The kernel hardening can be a pain - and it doesn't just affect VBox running on Windows, it can also be seen on Linux with some of more paranoid (e.g. security focused) distro's. I haven't seen many issues with the Mac versio of VBox, except that on a major OS update (let's say from 10.11 to 10.12), but that's expected - and normally it's a reinstall - the virtual disk images are fine, and just update the extras...

VMWare is a great choice - Workstation or Player (or spin up an image in ESXi for those so inclined).

I used to be a big user of VMWare on all platforms, but have been moving away from them in the last year or so - for me, it does come down to money, as on Mac, all upgrades are a cost, and there is no 'free' option like VMWare Player for Windows. That, along with the news that EMC basically laid off all of the US based developers for the client solution - that was all moved to China about a year ago, just made it even easier to move away from VMWare on any desktop platform, at least in my opinion...

My main point about running the build environment in a VM is that once one has a working environment, the idea is to keep it stable and reproducible - which ensures consistency and if things break, it's less effort to debug.

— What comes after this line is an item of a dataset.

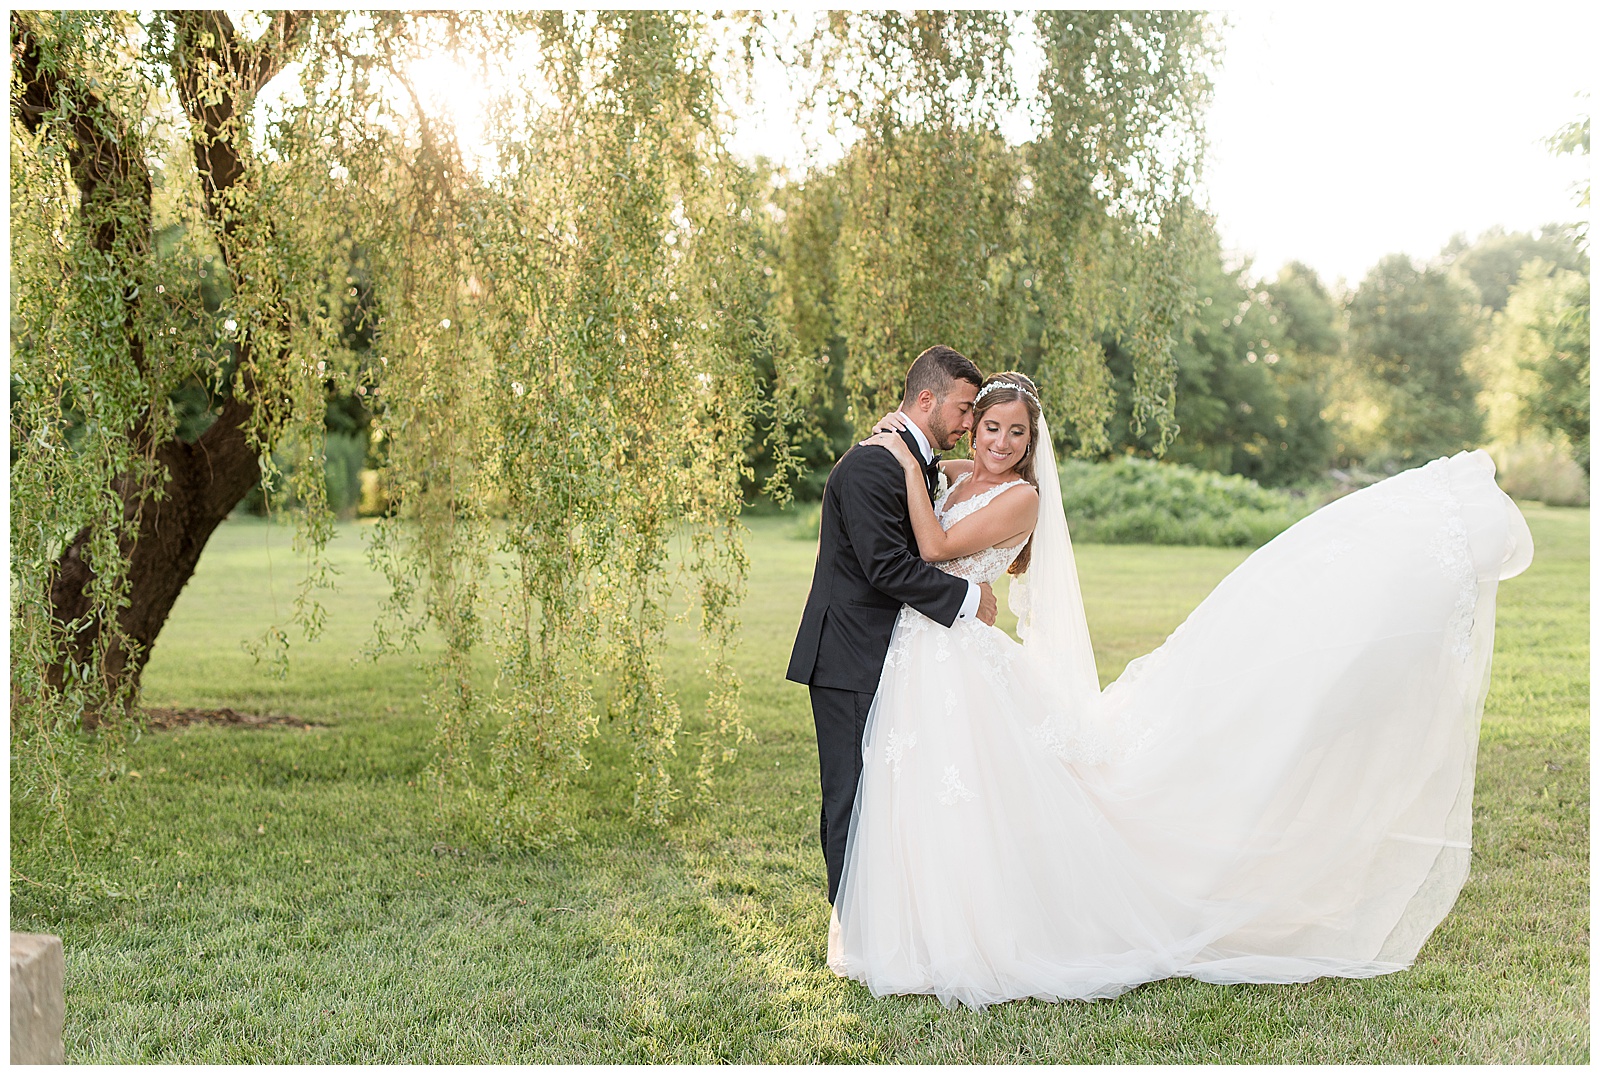 dress flowing in the wind while groom dips bride back in front of willow tree
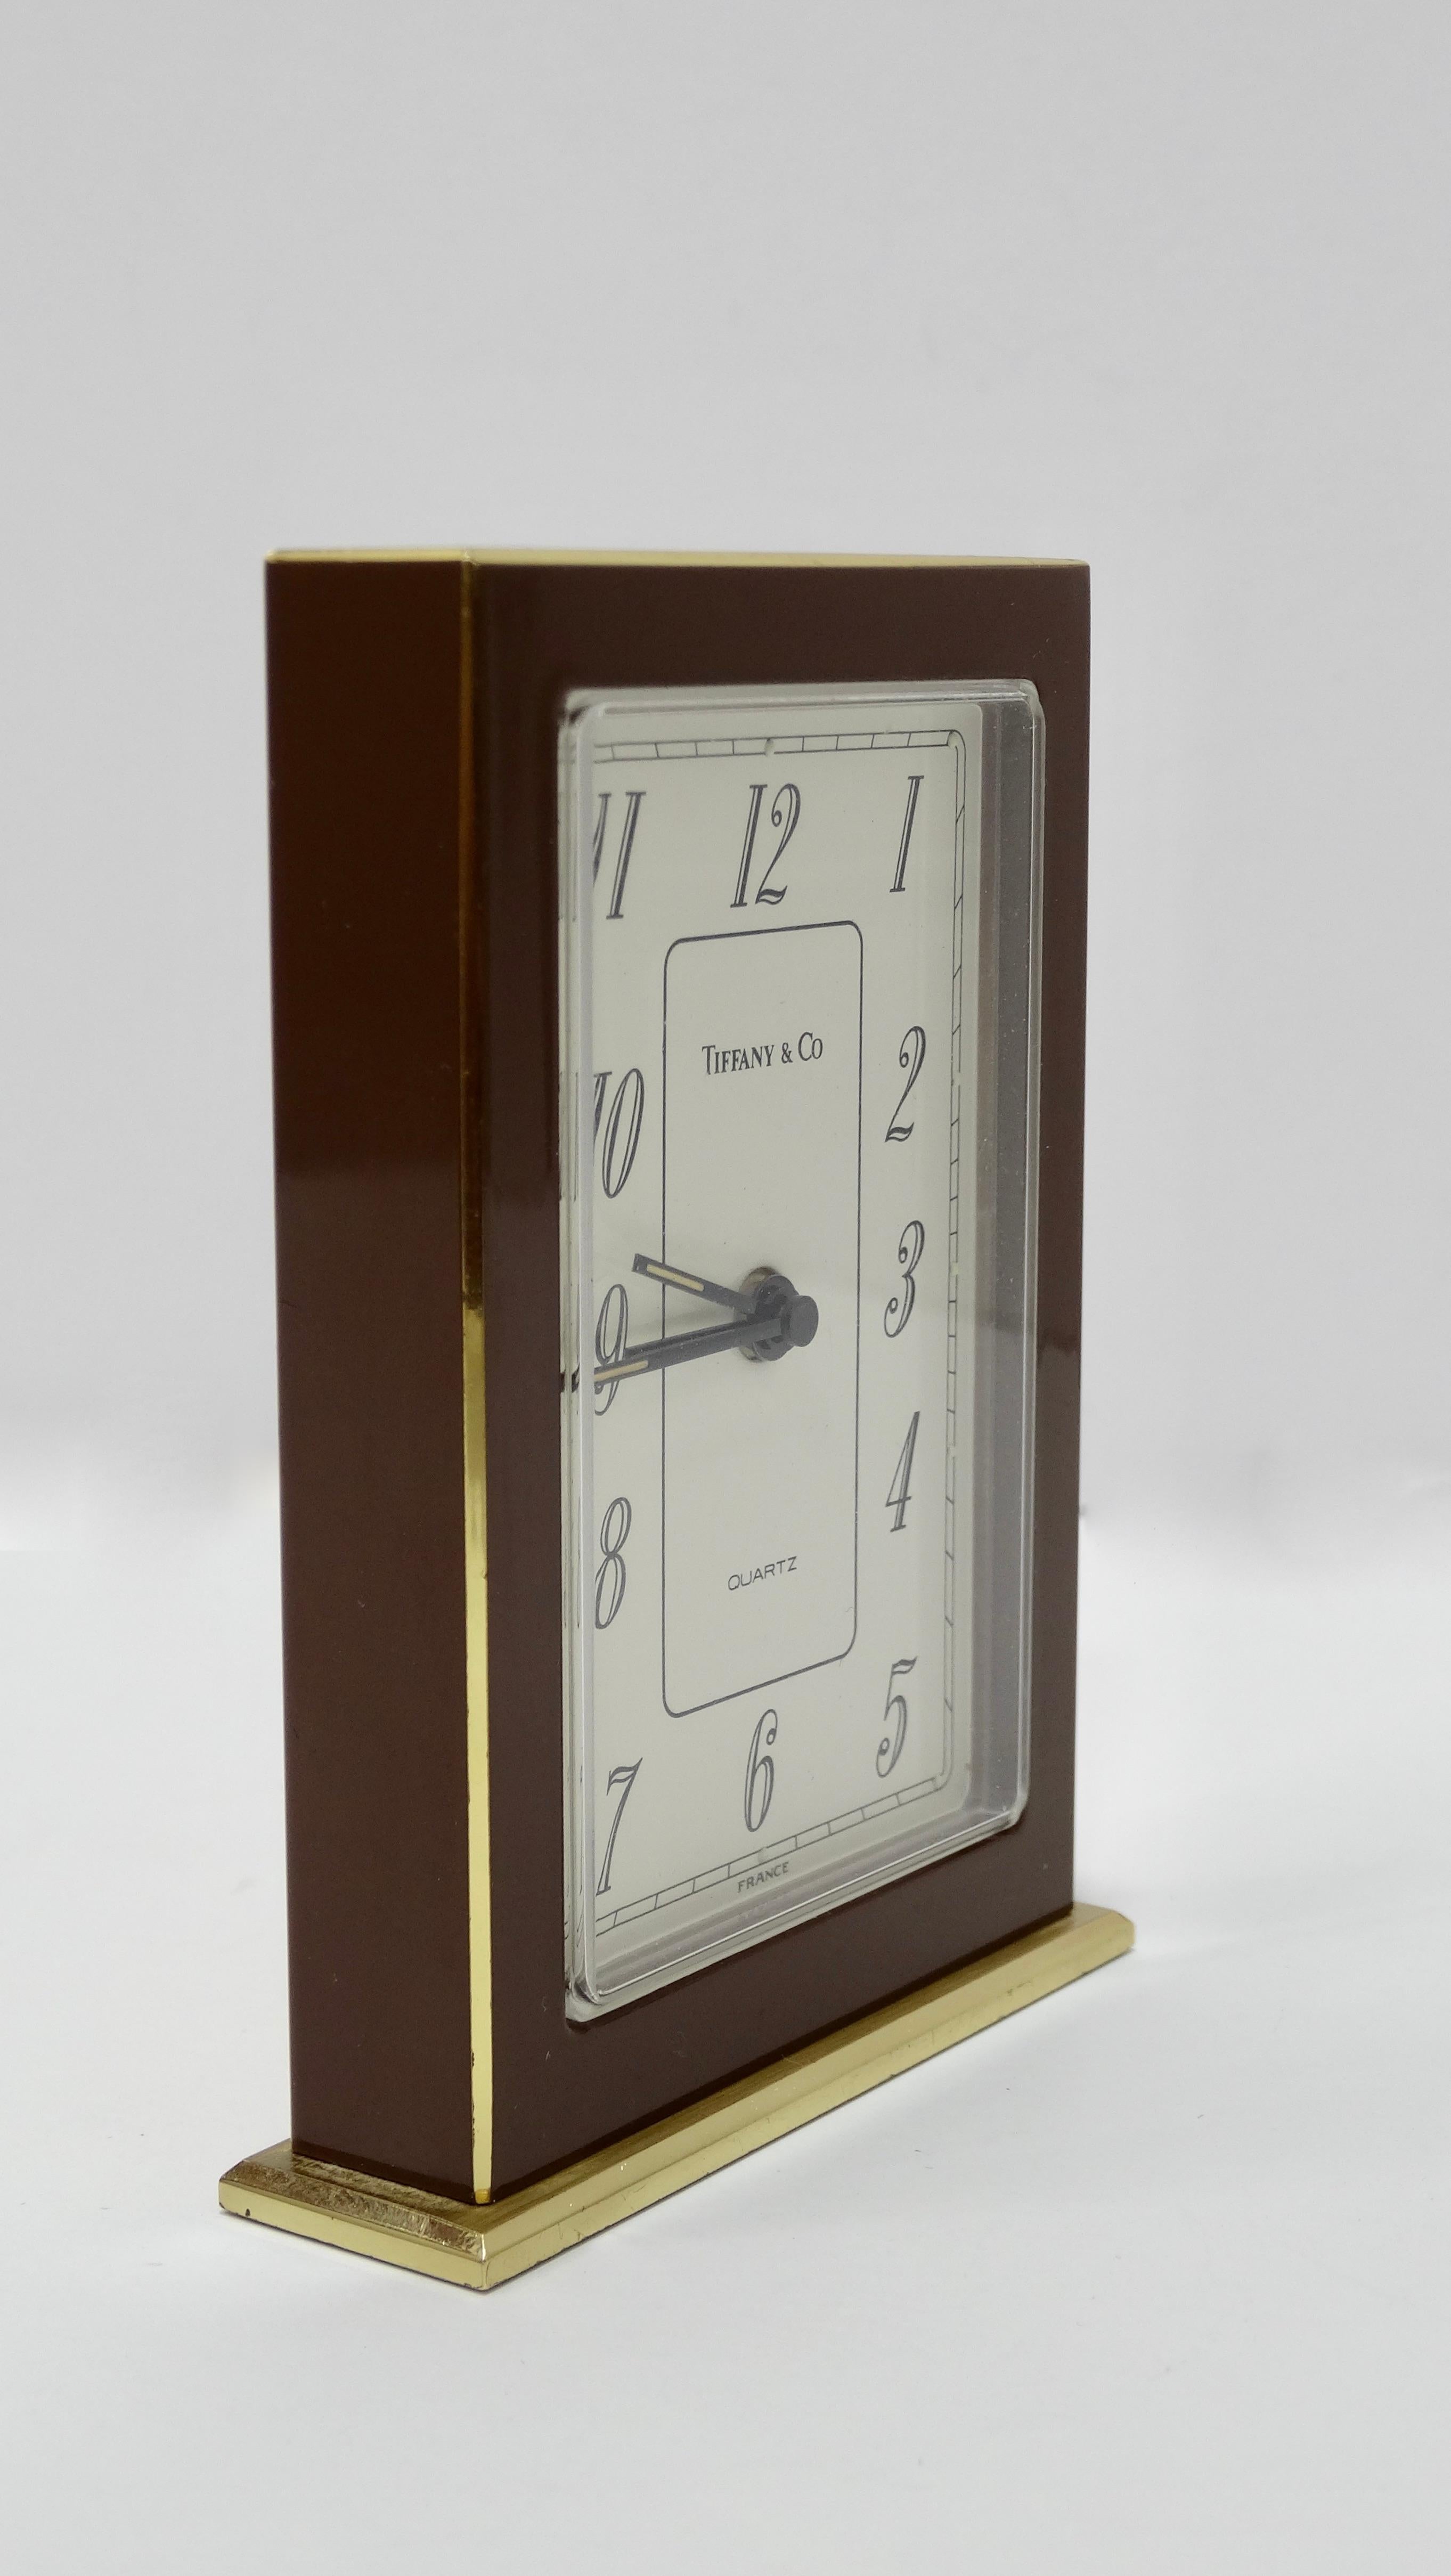 Elevate your desk with this Tiffany & Co. clock! Circa 1960s and made in France, this simple art deco brass desk clock is a slim rectangular shape quartz movement and features brown enamel with a white face and black numbers for a clean and timeless

So VMWare, Parallels, VirtualBox, KVM, Hyper-V, Xen - whatever works best for your platform is good enough...

As for 32/64 bit - AsusWRT builds under both - in the Wiki, last time I looked, there was info for both - basically if one is 64 bit, one has to add a couple of more packages (maybe just one?) - but the gist was that 32-bit was more than sufficient...

The Wiki could use some updating and cleanup...
 
Thank You for the fast responses, VMWare Player looks like the best way to go, I have to read more on this.

if you have more info on this I would appreciate it and links :)

Thank You,
 
Yes, thank you from me too. I did not notice the VMWare Player option when I looked into it. Their site appears to emphasize the Pro version in an attempt to get the revenue.
 
Yes, thank you from me too. I did not notice the VMWare Player option when I looked into it. Their site appears to emphasize the Pro version in an attempt to get the revenue.

Player is enough for many that just need a local VM. Just note with Player, that only one VM can run at a time, and can't connect to a VMWare ESX server, which, outside of creating snapshots, is probably the best benefit of going with Pro over Player.

Workstation Pro does have features that are fairly handy if working deep inside the VMWare ecosystem, which these days I'm not.
 
Just note with Player, that only one VM can run at a time

I regularly run two VMs at the same time in Player (a Windows and a Linux VM).